The Curtises adopted their seventh child after looking through books on kids waiting for adoption. Dawn noticed that a lot of these children were either African-American or biracial. At the time — Dawn can’t recall what year that was — white families couldn’t adopt across racial lines. One day, they got a call that informed them that the rule had changed. They got information about a 9-year-old boy that needed a home, and they quickly took the opportunity.
“We drove several hours one Saturday and picked up John and spent the day with him. He won our hearts over. So, we decided yes, we wanted to adopt him,” Dawn said. “A few years later, the family got another call about two girls that need a home. “The girls had some issues. They had been kicked out of two daycares due to their behavior. They were 3 and 4 years of age.”

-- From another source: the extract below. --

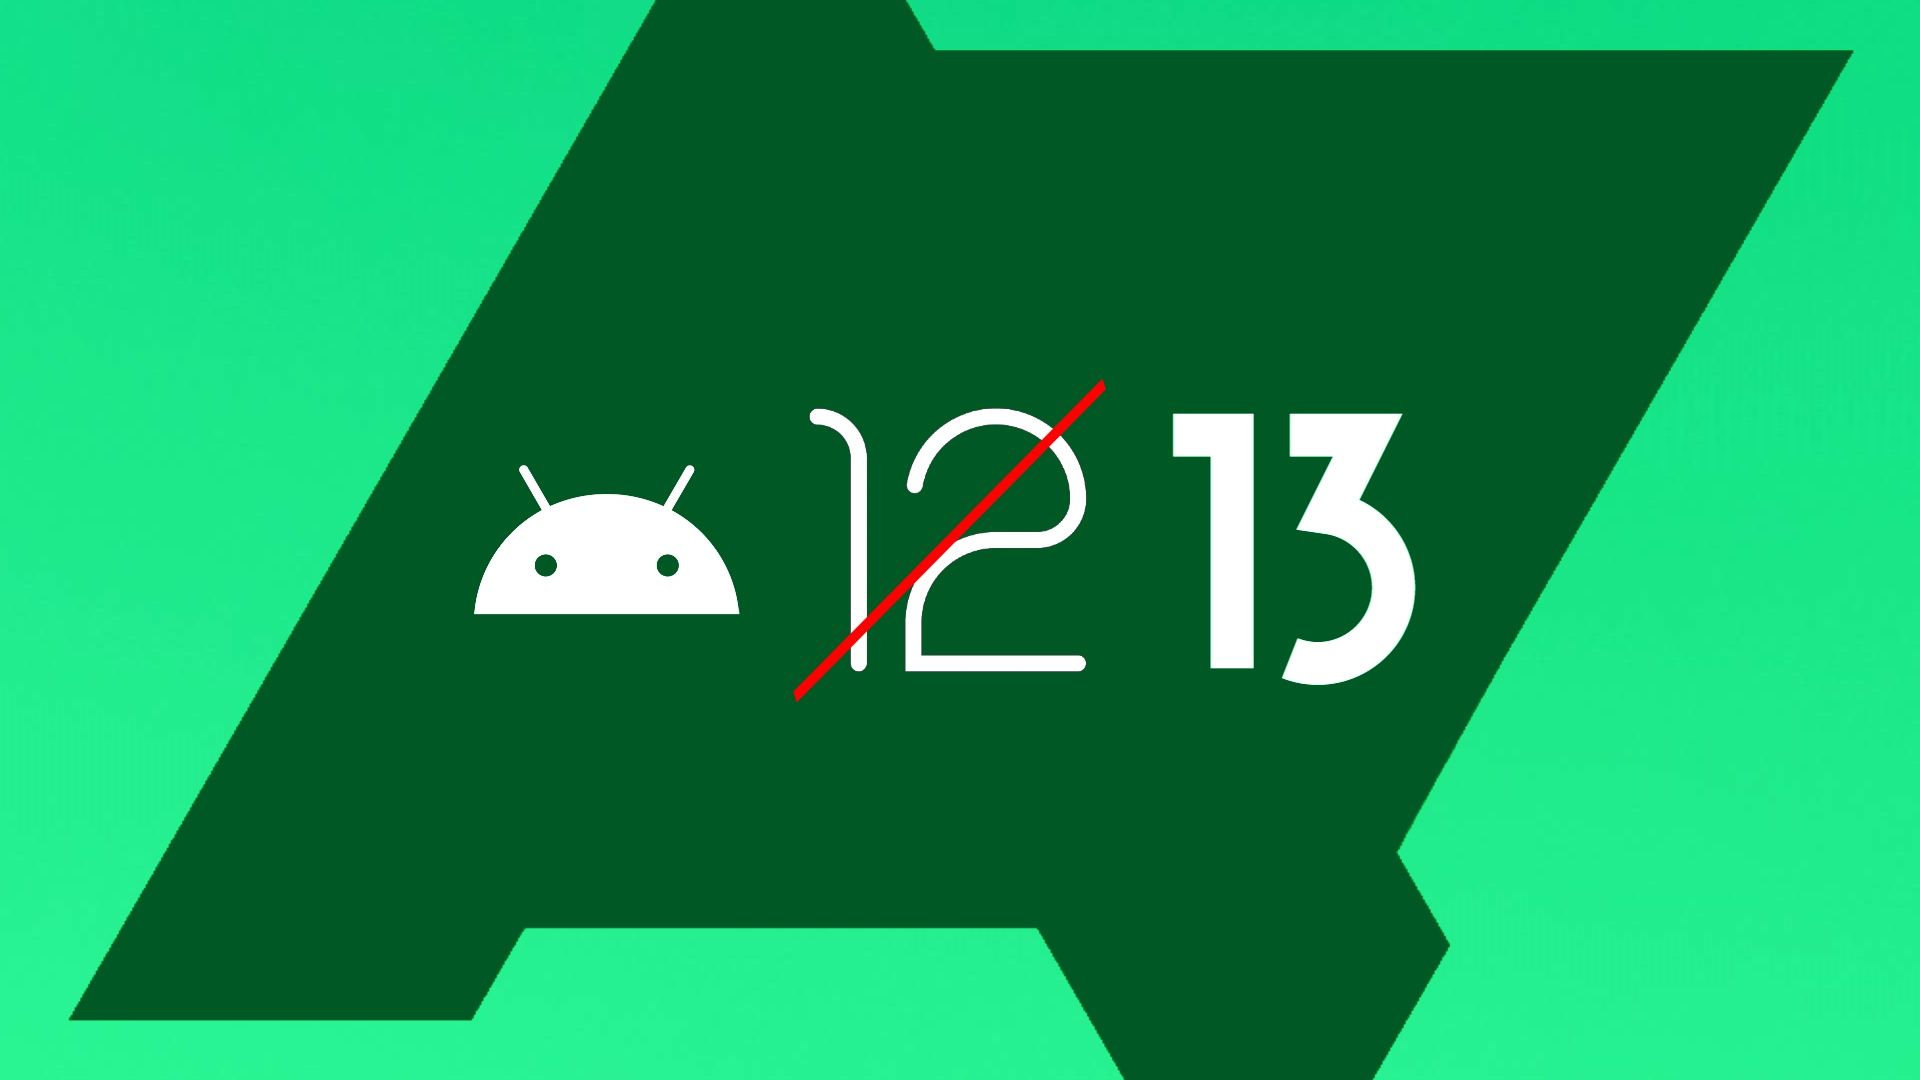 The Android logo showing the change from Android 12 to Android 13

November of that year, the two girls were added to the Curtis’ growing family. The following July their younger brother was added as well.
“The older ones helped with the younger ones. We all worked together,” Dawn said. “The behaviors of the last were difficult at times to say the least. But again, we all worked together as a family.”

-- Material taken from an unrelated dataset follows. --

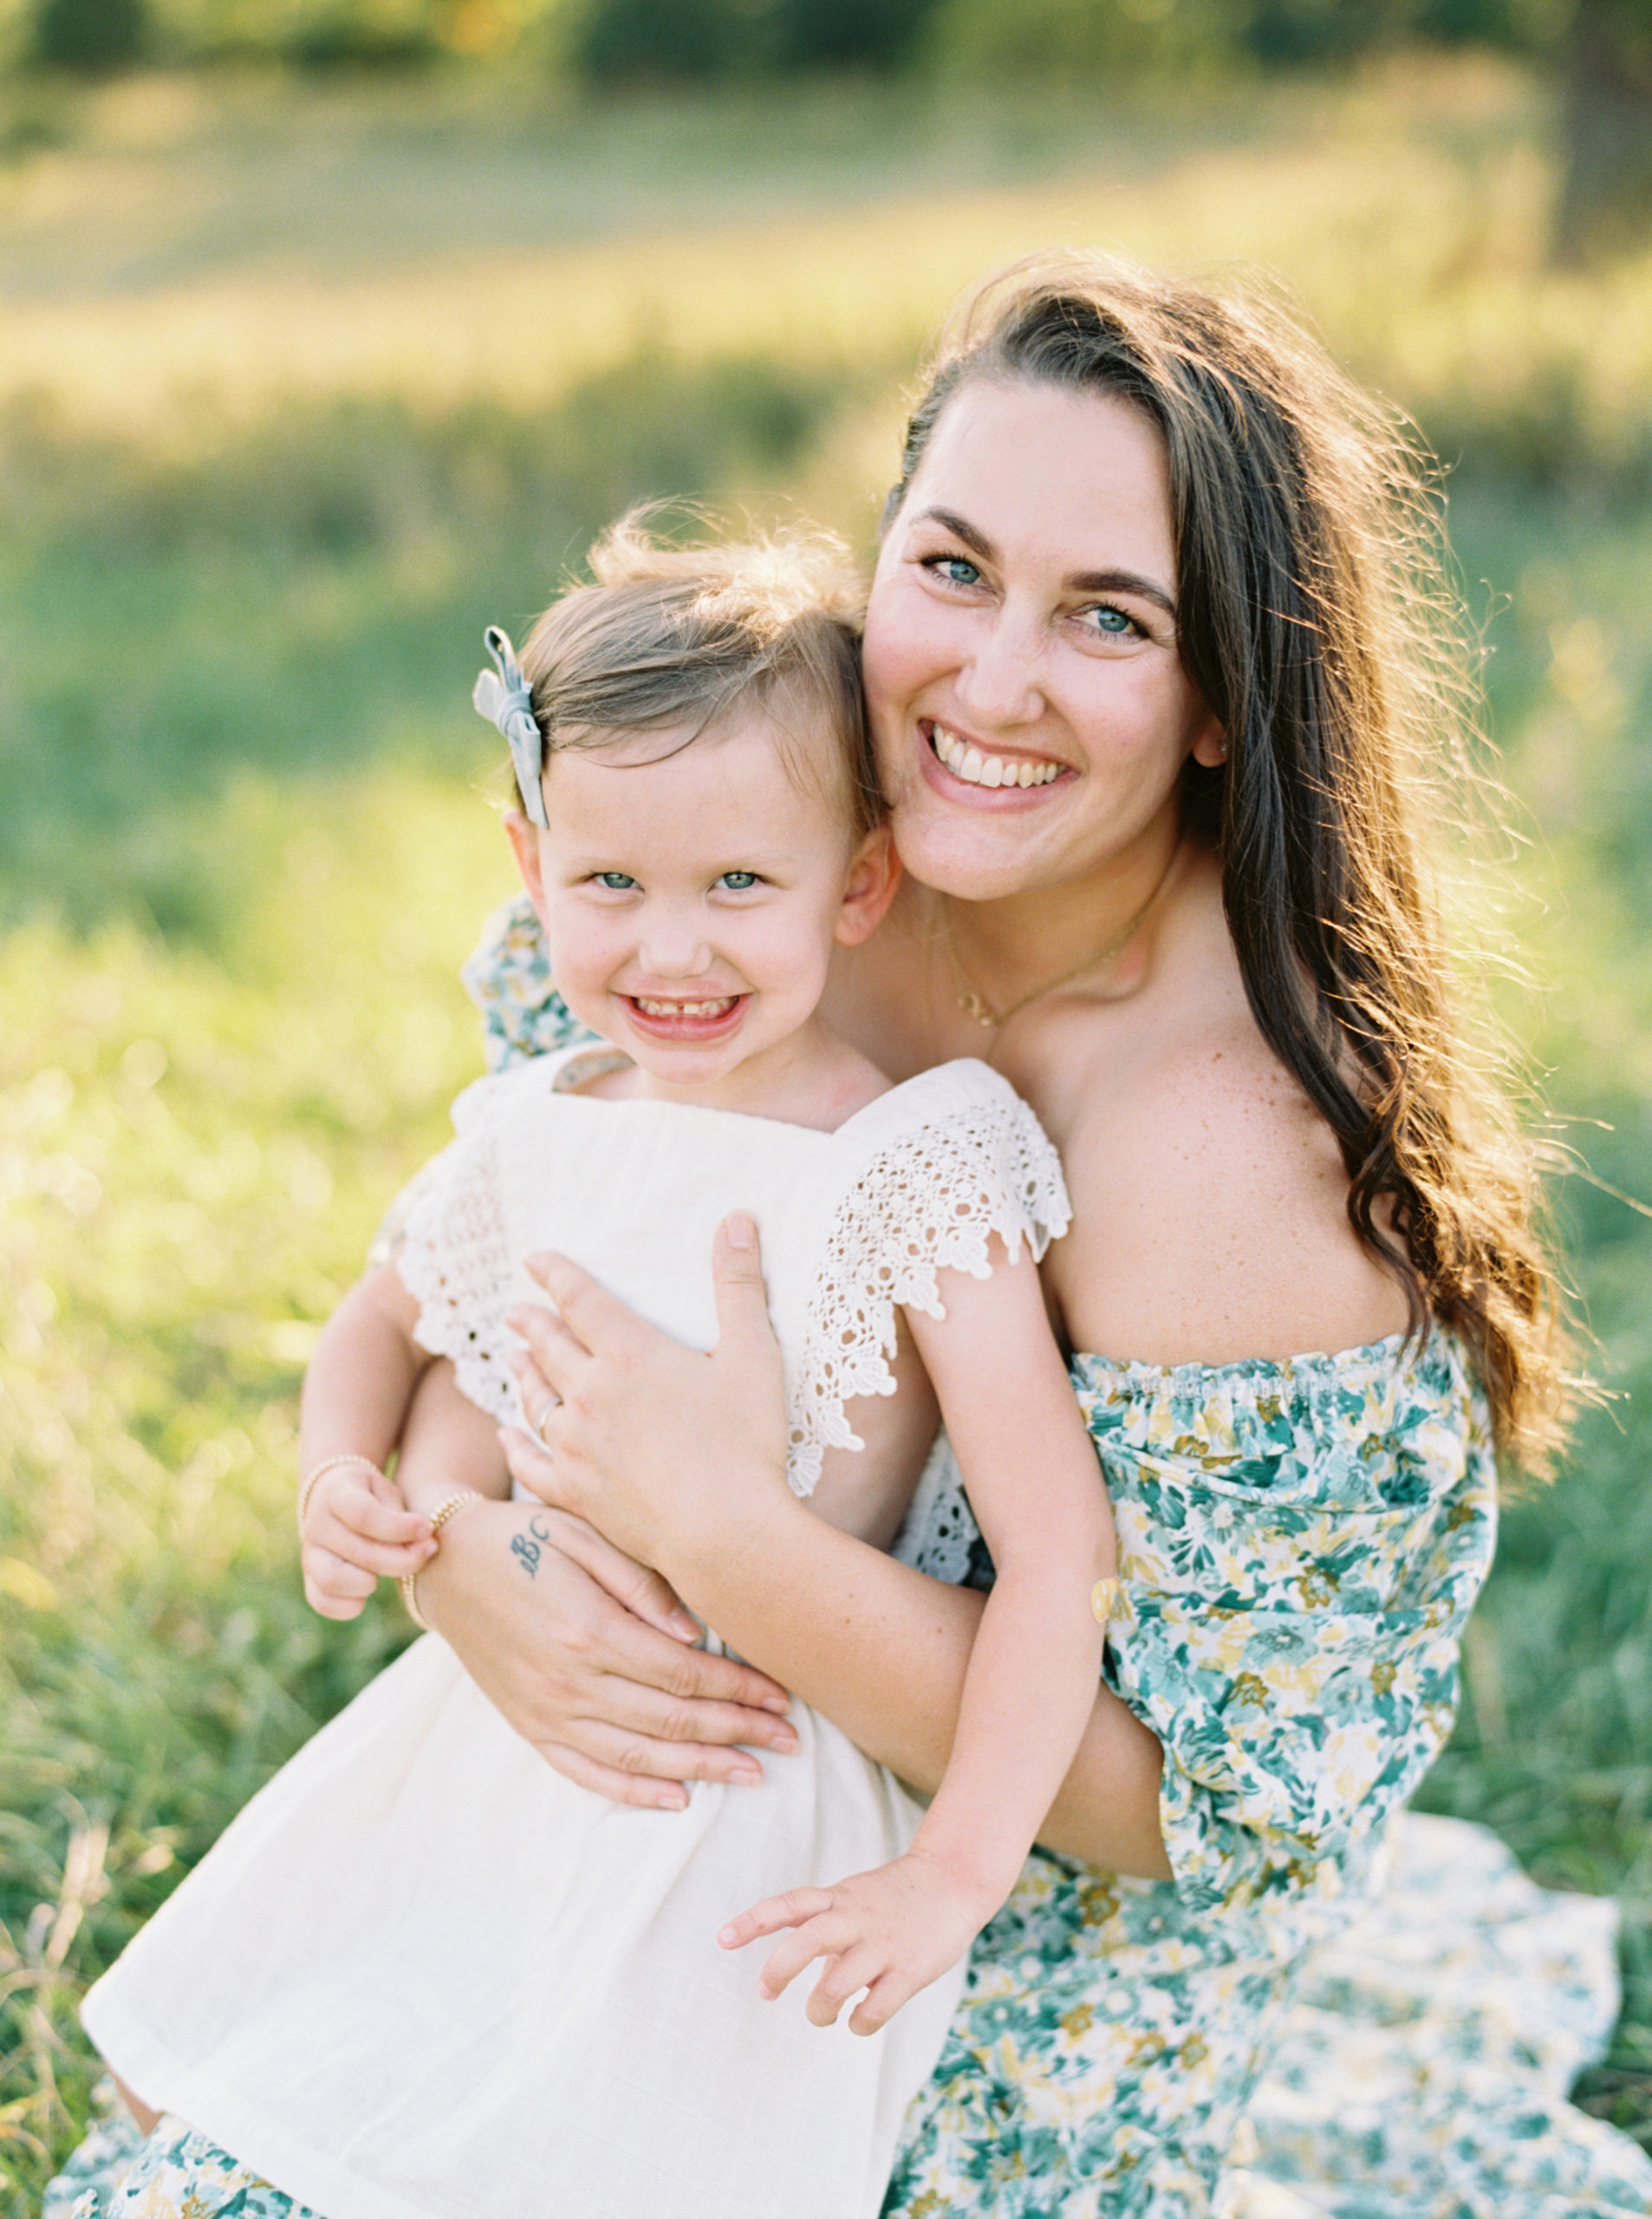 Mother and daughter cuddle in a grassy green field setting in Shorewood in the summer

Several years later she was approached by another adoption specialist through the Department of Human Services that there was a sibling group of three that needed a family. They were ages 9, 11 and 13. Dawn, Danny and the family discussed it. Some of the kids were in college at that point and out of the house. Dawn, Dan and the growing family decided to give it a shot, again.
Danny worked for many years as a police officer and a bus driver while caring for his growing family. Danny and Dawn also visited Washington, D.C., on several occasions to advocate for adoption and children in foster care. The 12 Curtis children span 20 years of age and are all adults now, but the example and dedication of their parents continues to move everyone around them.
“Nothing about raising 12 kids from all walks of life has been easy,” Dawn said. “We went through some really rough times but what I want everyone to know is that we so depended on God through everything. That being said, I would not trade any of the trials, heartache and blessings. Everything we went through we went through as a family.”
Danny Curtis died in August 2017 after his battle with cancer.